Basics
JuliaDB offers two main data structures as well as distributed counterparts. This allows you to easily scale up an analysis, as operations that work on non-distributed tables either work out of the box or are easy to transition for distributed tables.
Here is a high level overview of tables in JuliaDB:
- Tables store data in columns.
- Tables are typed.
- Changing a table in some way therefore requires returning a new table (underlying data is not copied).
- JuliaDB has few mutating operations because a new table is necessary in most cases.
Data for examples:
x = 1:10
y = vcat(fill('a', 4), fill('b', 6))
z = randn(10);
10-element Array{Float64,1}:
-0.8760334908221523
0.159875630556253
-0.42210690418812785
-0.21462812742173196
0.5199033042412087
1.3030734624701714
2.3594602956857957
-0.4225521384971568
0.18506870432397937
-0.5100254606389224
IndexedTable
An IndexedTable
is wrapper around a (named) tuple of Vectors, but it behaves like a Vector of (named) tuples.
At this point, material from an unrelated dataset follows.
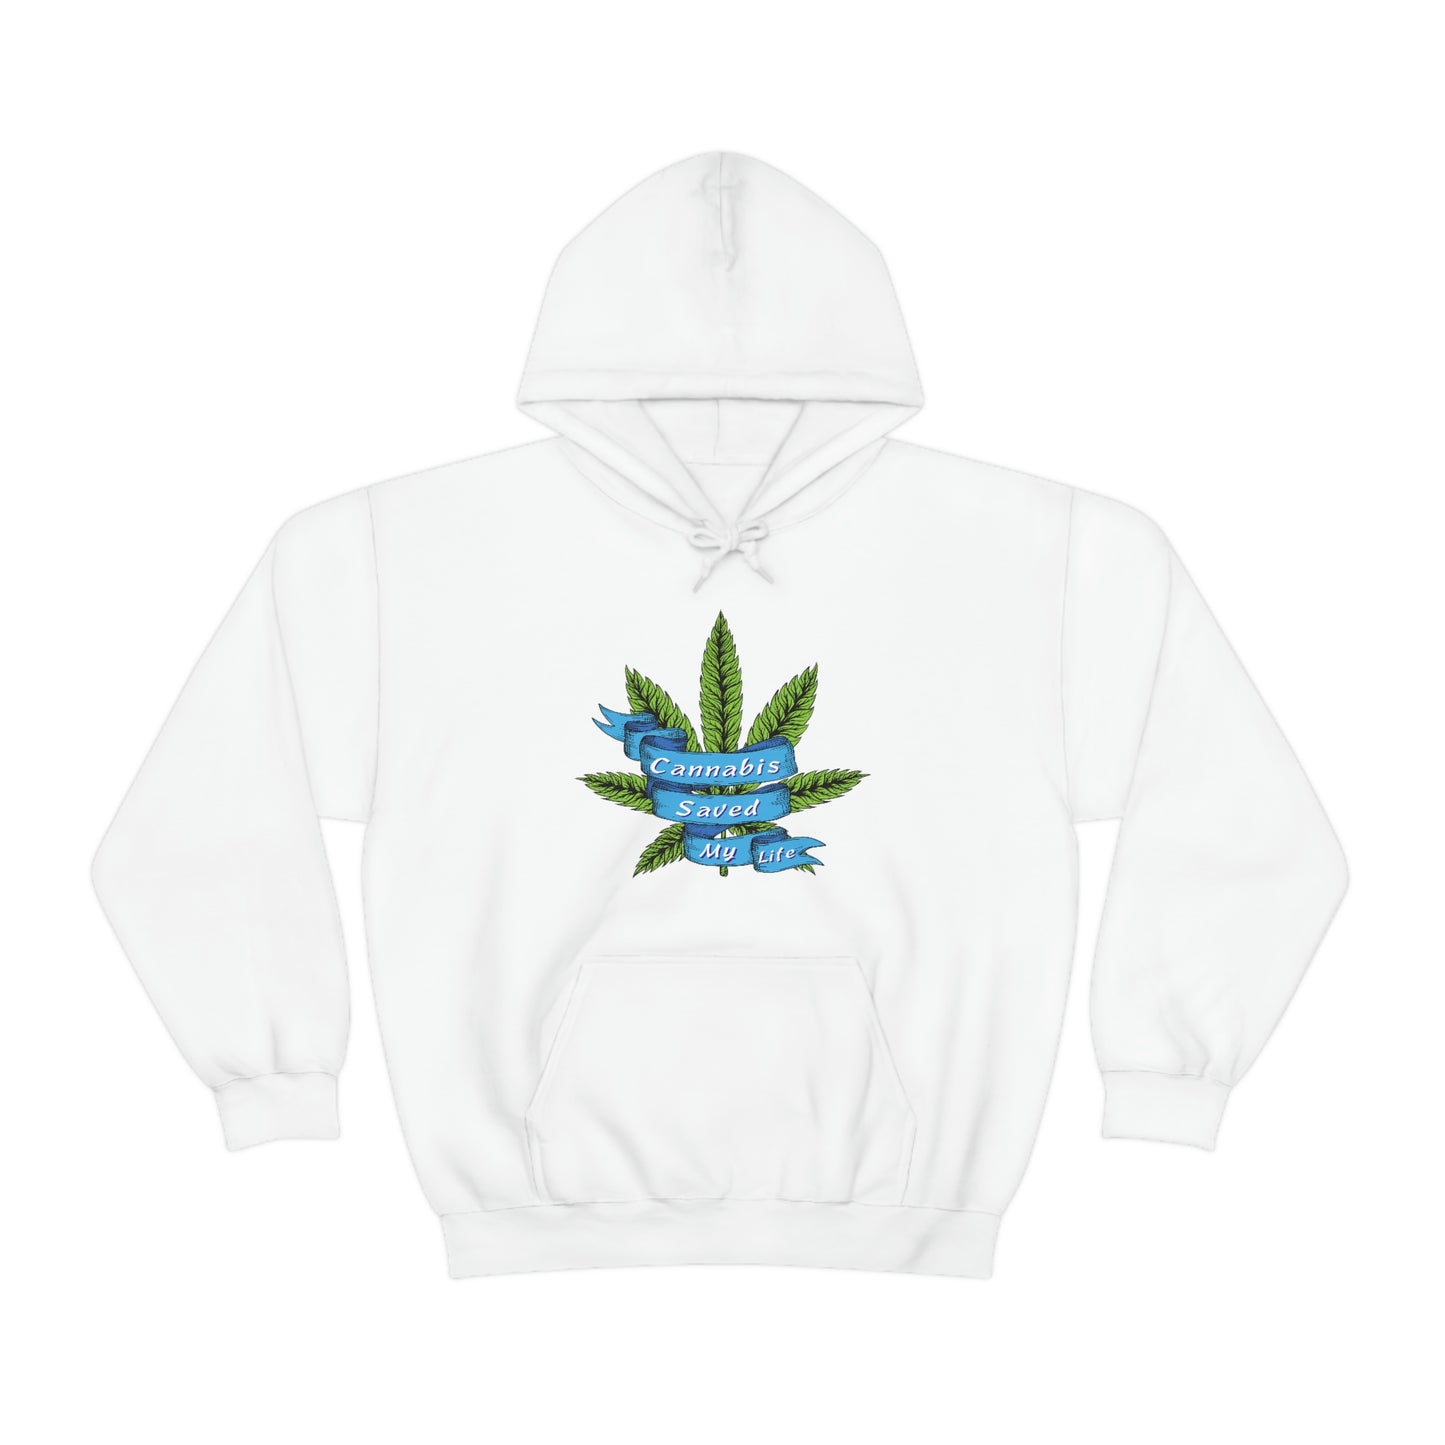 a white Cannabis Saved My Life Cannabis Hoodie with a marijuana leaf on it.

You can choose to sort the table by any number of primary keys (in this case columns :x
and :y
).
An IndexedTable
is created with data in Julia via the table
function or with data on disk via the loadtable
function.
julia> t = table((x=x, y=y, z=z); pkey = [:x, :y])
Table with 10 rows, 3 columns:
x y z
──────────────────
1 'a' -0.876033
2 'a' 0.159876
3 'a' -0.422107
4 'a' -0.214628
5 'b' 0.519903
6 'b' 1.30307
7 'b' 2.35946
8 'b' -0.422552
9 'b' 0.185069
10 'b' -0.510025
julia> t[1]
(x = 1, y = 'a', z = -0.8760334908221523)
julia> t[end]
(x = 10, y = 'b', z = -0.5100254606389224)
NDSparse
An NDSparse
has a similar underlying structure to IndexedTable
, but it behaves like a sparse array with arbitrary indices. The keys of an NDSparse
are sorted, much like the primary keys of an IndexedTable
.
An NDSparse
is created with data in Julia via the ndsparse
function or with data on disk via the loadndsparse
function.
julia> nd = ndsparse((x=x, y=y), (z=z,))
2-d NDSparse with 10 values (1 field named tuples):
x y │ z
────────┼──────────
1 'a' │ -0.876033
2 'a' │ 0.159876
3 'a' │ -0.422107
4 'a' │ -0.214628
5 'b' │ 0.519903
6 'b' │ 1.30307
7 'b' │ 2.35946
8 'b' │ -0.422552
9 'b' │ 0.185069
10 'b' │ -0.510025
julia> nd[1, 'a']
(z = -0.8760334908221523,)
julia> nd[10, 'j'].z
ERROR: KeyError: key (10, 'j') not found
julia> nd[1, :]
1-d NDSparse with 1 values (1 field named tuples):
y │ z
────┼──────────
'a' │ -0.876033
Selectors
JuliaDB has a variety of ways to select columns. These selection methods get used across many JuliaDB's functions: select
, reduce
, groupreduce
, groupby
, join
, pushcol
, reindex
, and more.
To demonstrate selection, we'll use the select
function. A selection can be any of the following types:
Integer
– returns the column at this position.Symbol
– returns the column with this name.Pair{Selection => Function}
– selects and maps a function over the selection, returns the result.AbstractArray
– returns the array itself. This must be the same length as the table.Tuple
ofSelection
– returns a table containing a column for every selector in the tuple.Regex
– returns the columns with names that match the regular expression.Type
– returns columns with elements of the given type.Not(Selection)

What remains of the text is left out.